Dalam buku The Dawn #96, Nietzsche berkata: “Tak peduli betapa majunya perkembangan yang telah dicapai oleh bangsa Eropa hingga membuat bangsa lain menghormatinya, dalam hal keagamaan bangsa Eropa belum mencapai kemurnian pikiran bebas yang dimiliki oleh para brahmana zaman dahulu: sebuah tanda bahwa terjadi lebih banyak proses berpikir di zaman dahulu, dan kesenangan dalam proses berpikir ini sudah biasa diwariskan turun-temurun, dan proses ini sudah berlangsung selama empat ribu tahun lebih awal di India dari pada di sini.”
Demikianlah sekilas pembuktian Nietzsche yang lebih dikenal sebagai “sang pembunuh Tuhan” ternyata adalah seorang penyembah Tuhan, Sri Krishna yang sangat berdedikasi.
Sumber:
- http://en.wikipedia.org/wiki/Friedrich_Nietzsche
- www.veda.krishna.com/
Special thanks to “Putu Kartika Devi” yang sudah membantu menterjemahkan sumber artikel ini dari bahasa Inggris
Bli Ngarayana
Jika memang Nietzsche adalah penyembah Tuhan, maka pertanyaanya adalah:
1. Apakah dalam Hindu dibenarkan tidak percaya pada Tuhan ?
2. Mengapa akhir hidupnya tragis, saya pernah mmbaca sejarahnya dia mengalami gangguan jiwa sampai mati, bukankah dia penyembah Tuhan, mengapa sampai sakit jiwanya?
@ Xarel X
Coba perhatikan lagi kutipan-kutipan pernyataan Nietzsche yang saya sampaikan. Dia menyatakan bahwa Tuhannya adalah Tuhan yang ahli menari. Dia juga mengatakan dirinya ingin menjadi seperti Buddha yang dalam literatur kuno disebutkan sebagai Avatara penjelmaan Tuhan yang seolah-oleh mengarahkan orang menjadi Atheis dengan tujuan mengembalikan ajaran Veda. Banyak hal tersembunyi yang dia sampaikan dalam karya-karya tulisnya yang menunjukkan dia bukan seorang atheis, tetapi adalah seorang yang sangat mengerti dan sangat memuja Tuhan.

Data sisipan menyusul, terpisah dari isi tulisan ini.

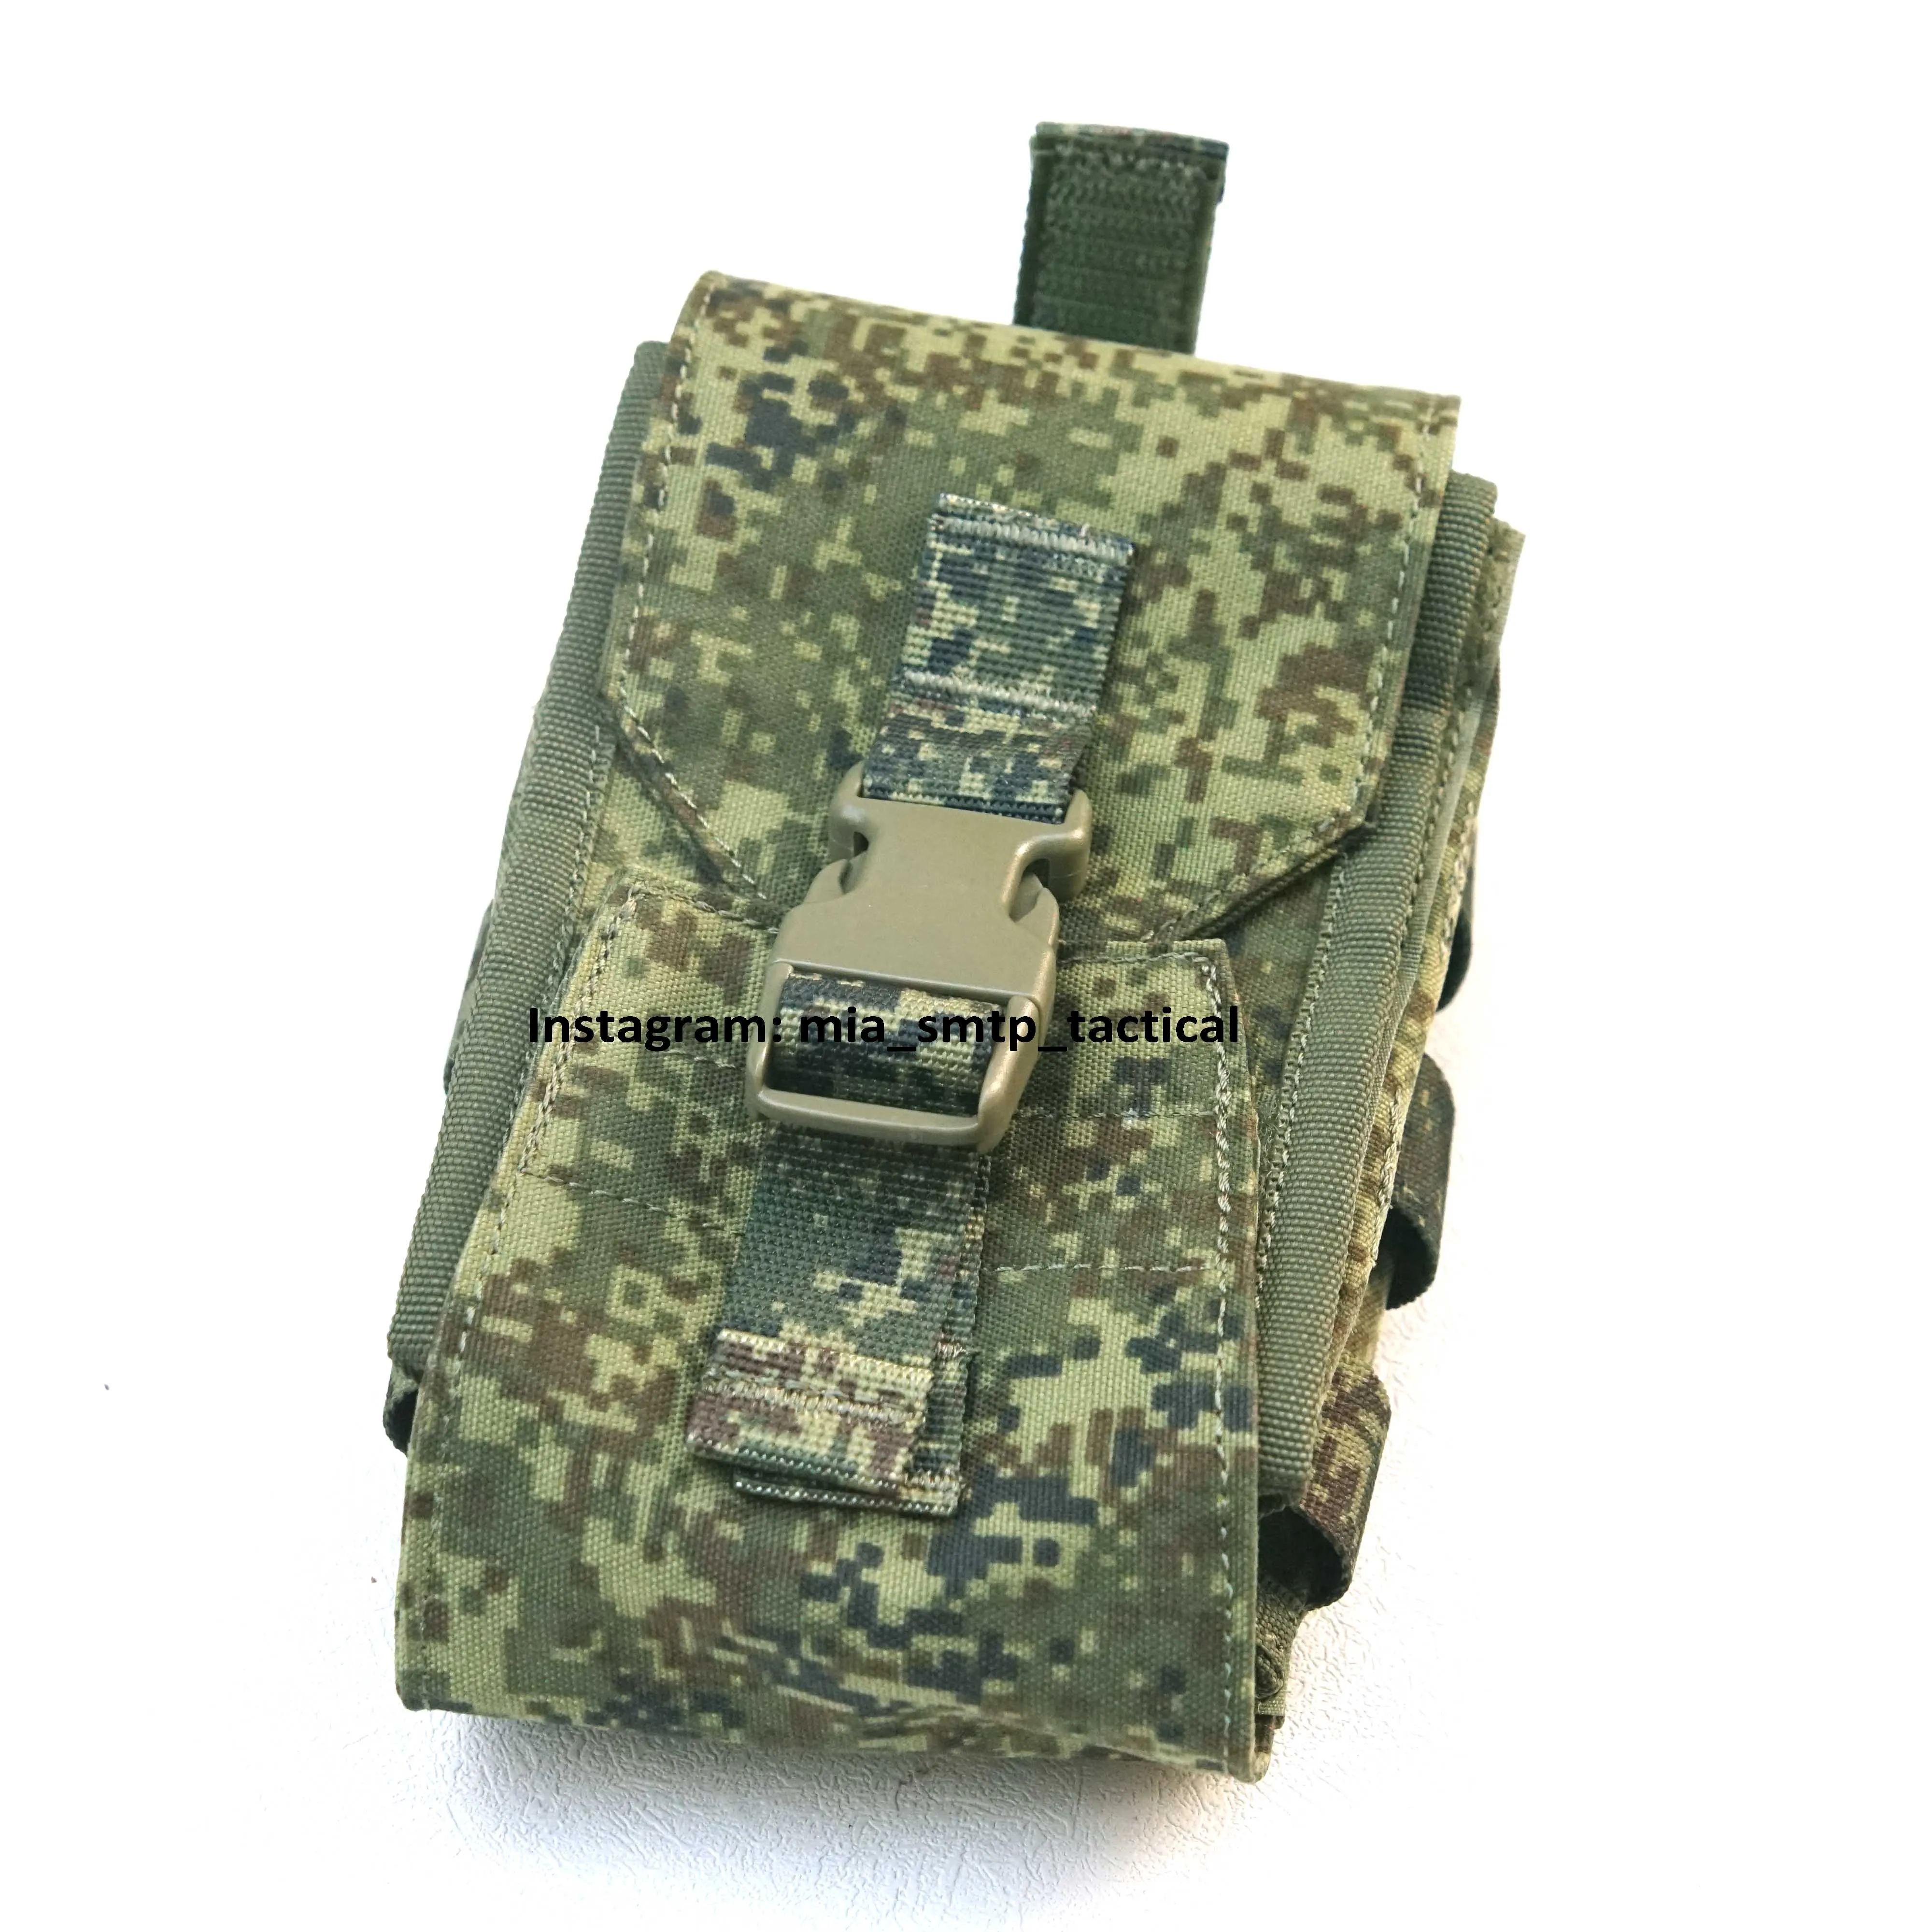 

SMTP WE517-1 Russian Army emr medical pouch little green man EMR medical Pouch Russian army camo afak pouch with molle seystem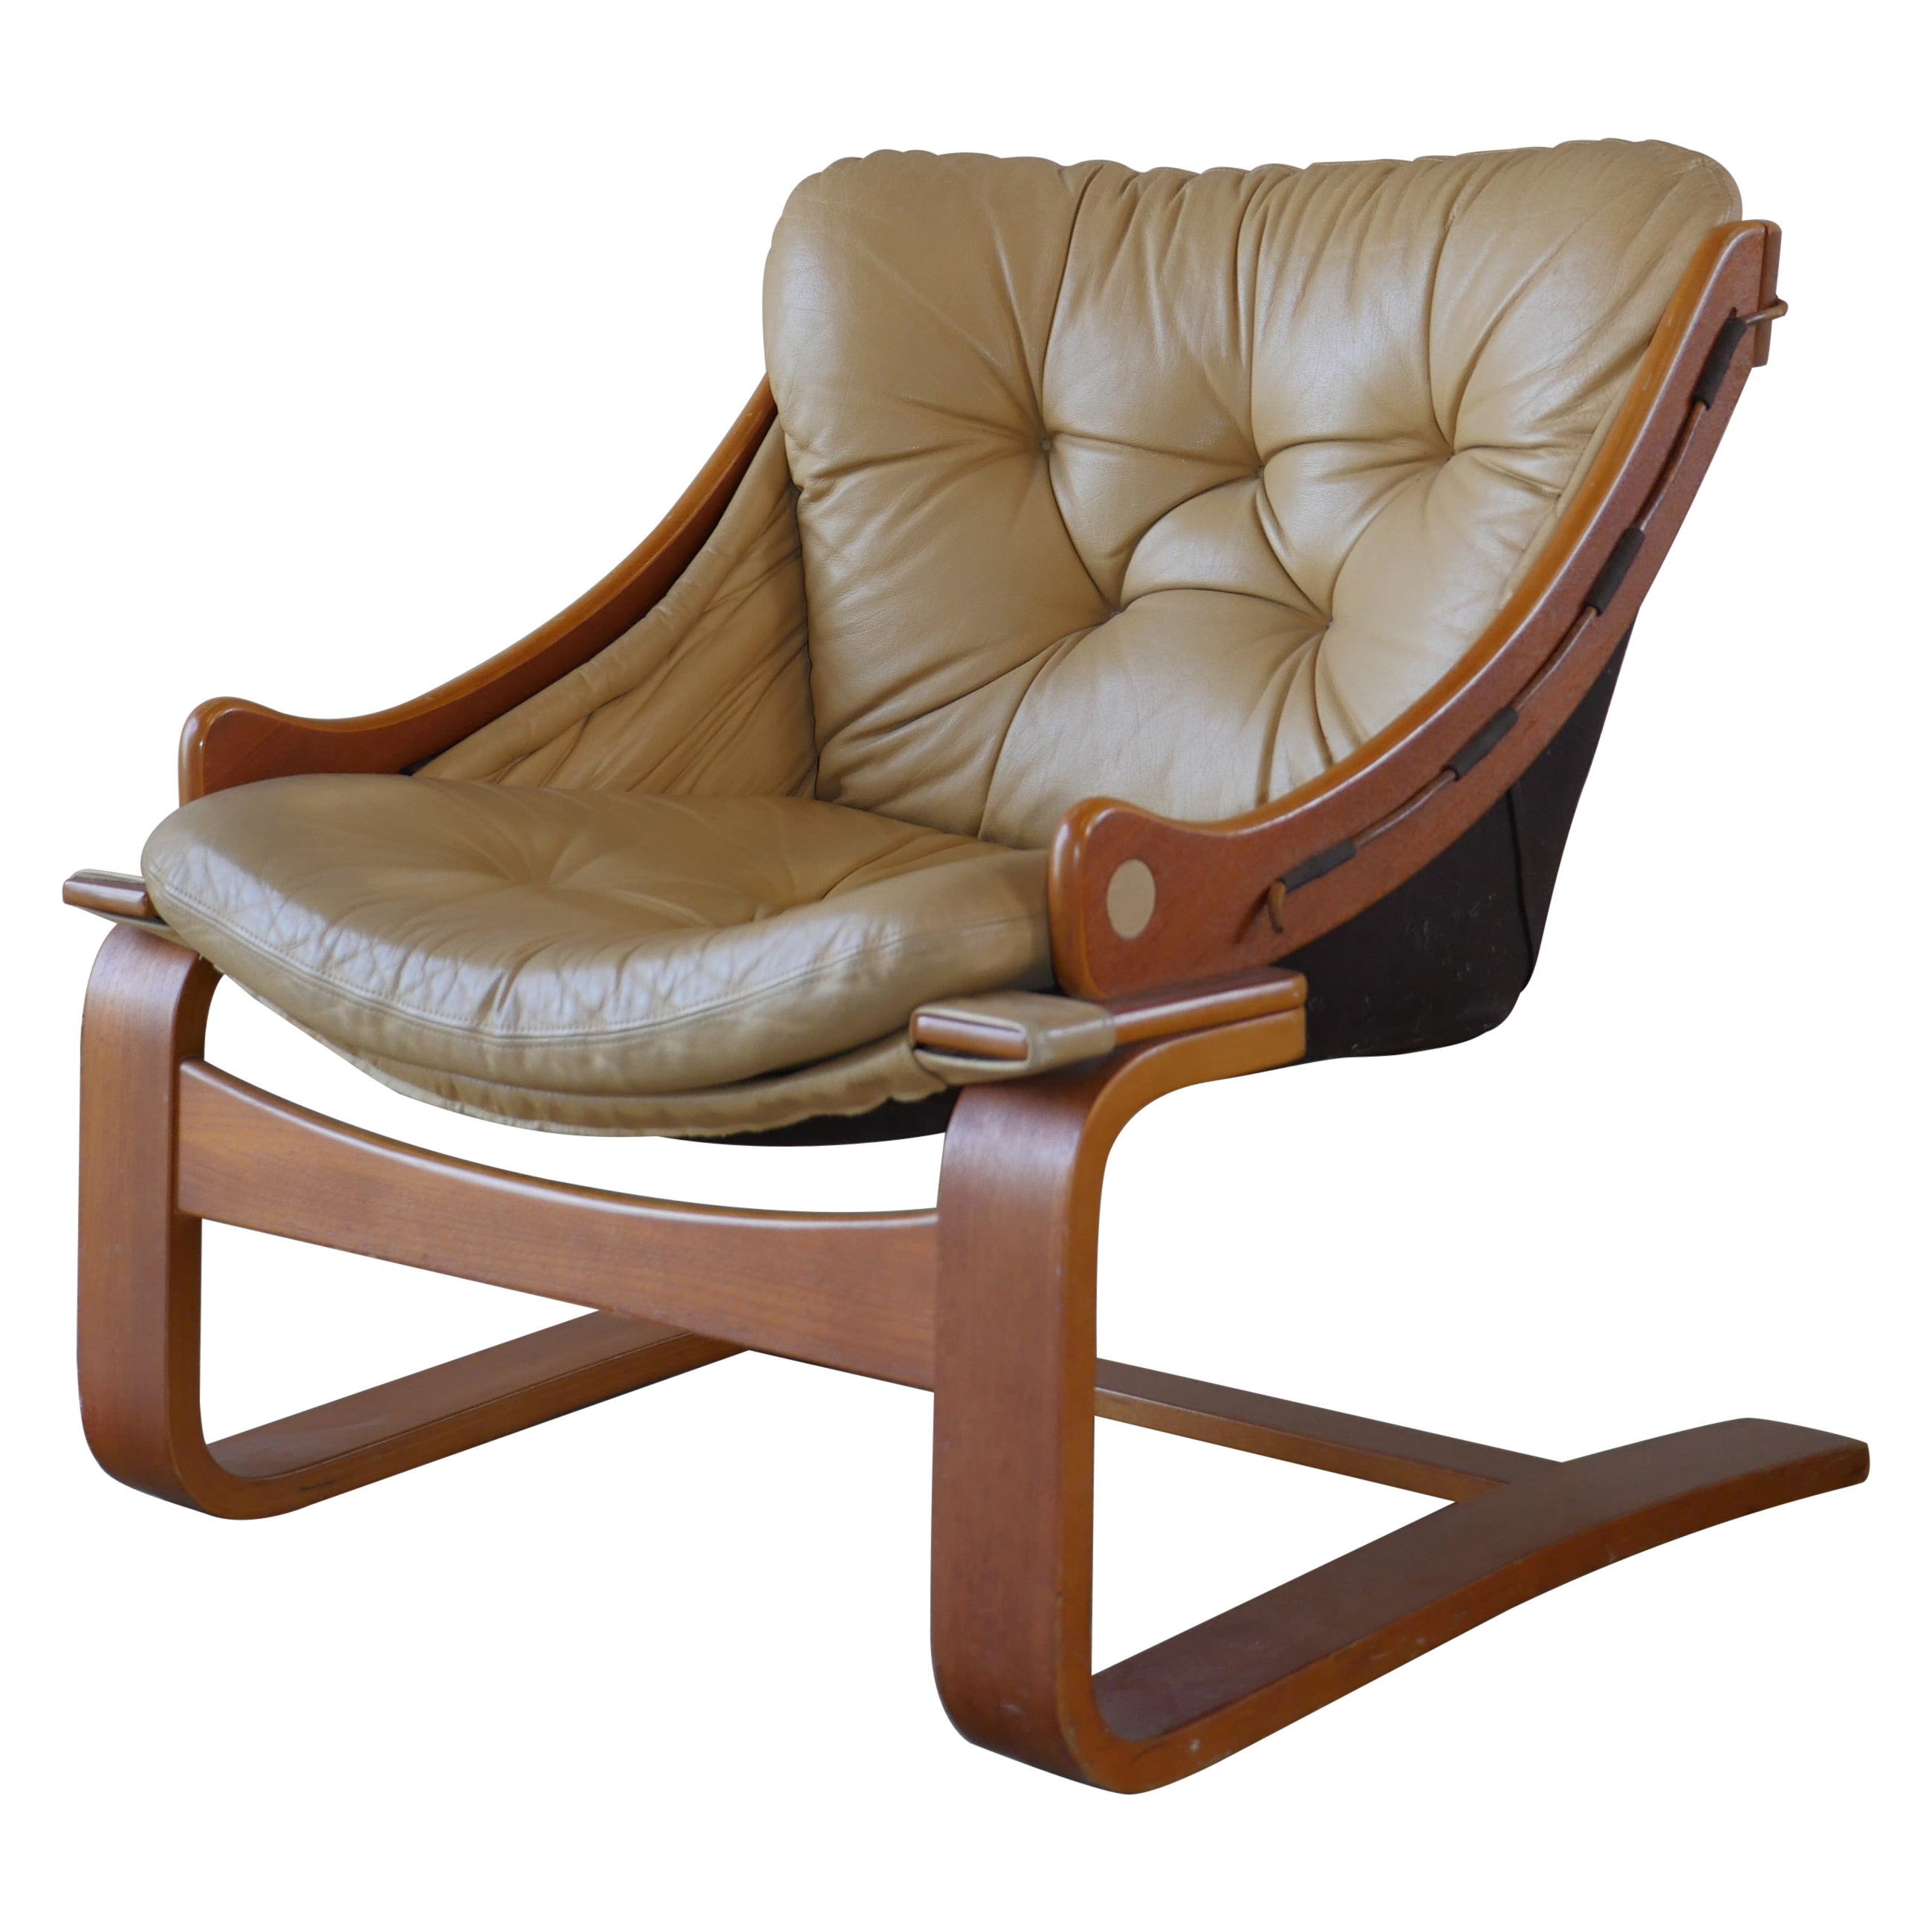 1970s, Scandinavian Bentwood Cantilevered Leather Lounge Chair

Mengenai cabang filsafat Atheis di veda itu ada dan disebut sebagai Nastika. coba perhatikan artikel “Bagan pembagian Veda” dan juga penjabaran bagian-bagiannya yang sangat luas.
Seseorang yang sangat berbhakti pada kehidupan saat ini dapat saja menderita dan diakhiri dengan kehidupannya yang sangat tragis. jangan lupa bahwa ada hukum karma dan reinkarnasi. Penderitaan di kehidupannya saat ini mungkin disebabkan oleh karma buruk di kehidupan masa lalunya. Coba deh baca artikel “Karma phala dan Punarbhawa“.
Salam,-
Semua Tuhan (seharusnya) pandai atau ahli menari karena Ia (katanya) Maha Mampu. Kalau mengklaim Nietzsche adalah penyembah Krishna karena beliau menyatakan bahwa Tuhannya adalah Tuhan yang ahli menari, tentu akan menyinggung para penyembah Tuhan yg lain selain Krishna sebab secara tidak langsung pernyataan tsb menganggap kalau Tuhan2 yg lain (Allah, Jesus, Yahweh, Elohim, dll) tidak ahli menari… ^^
Btw, apakah umat Buddha sendiri setuju klo Buddha Gautama dikatakan sbg penjelmaan (avatara) Tuhan???
Ngarayana,.. koq bisa krisna???? di artikel itu nggak saya temui kata Krisna??? Kenapa bukan Budha?? atau Vishnu lah, kan lebih masuk akal. Tau kenapa bukan shiva??? kan nataraja yang pinter nari itu shiva???? klo masalah seruling, kan Vishnu juga bisa???? koq harus Krisna???? gak ngerti jadinya,…. Tuhan menurut veda itu vishnu apa krisna??? klo dibilang vishnu dan krishna sama karena avataranya, berarti Budha juga dong sama?????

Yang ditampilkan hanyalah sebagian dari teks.